The AfD had shocked Merkel last Sunday by winning 20.8 percent in a state election in Mecklenburg-Vorpommern with her Christian Democrats (CDU) falling to third with 19 percent. That rout had sparked renewed criticism of her pro-refugee course.
But in the local elections in the neighboring western state of Lower Saxony, the CDU was top with 34.4 percent, according to preliminary results published on Monday. The center-left Social Democrats (SPD) were second with 31.2, the Greens third with 10.9 percent, the AfD at 7.8 percent.
In local elections in the western state of Hesse in March the AfD had won 11.9 percent.
The AfD is stronger in the former communist east. In Lower Saxony, it was below 10 percent in most towns and cities but it did win 10.1 percent in the state capital of Hanover - behind the SPD (31.2 percent), CDU (29 percent), Greens (13.6 percent).
Last Sunday's election in Mecklenburg-Vorpommern was the first time the CDU lost to a far-right party in a state election.

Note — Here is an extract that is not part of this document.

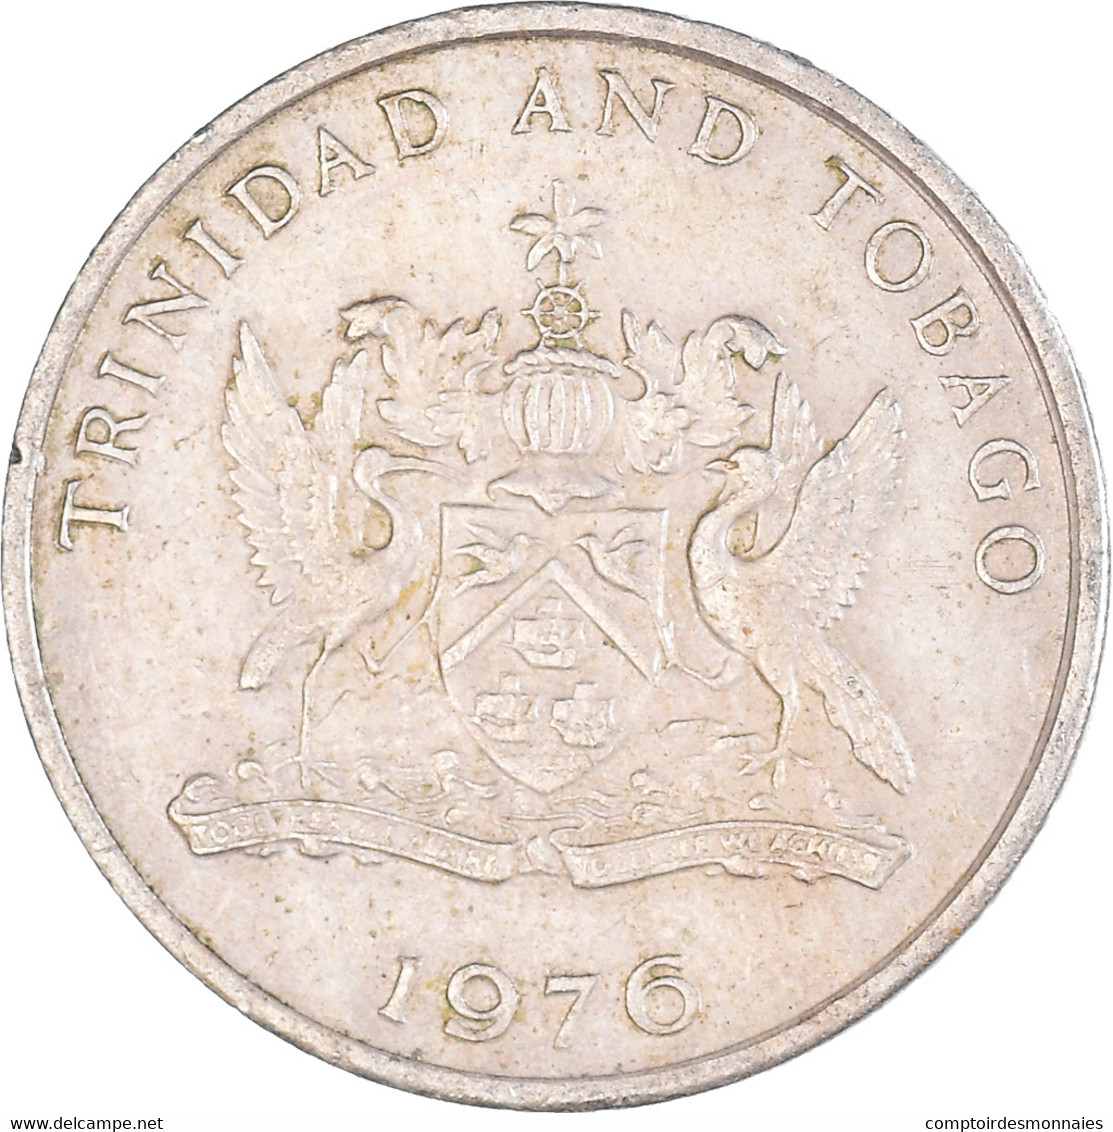 Monnaie, Trinité-et-Tobago, 25 Cents, 1976 - Trinidad & Tobago

The AfD played on the public's angst that refugees, some 70 percent of whom are Muslims, are overrunning Germany, siphoning away housing, resources and jobs from Germans. Merkel rejected that argument, saying no funds were taken away for refugees.
The AfD has climbed steadily in national polls lately. An Emnid poll for Bild am Sonntag newspaper on Sunday showed support for the AfD rising by one point to 13 percent while Merkel's Christian Democrats lost one point to 33 percent.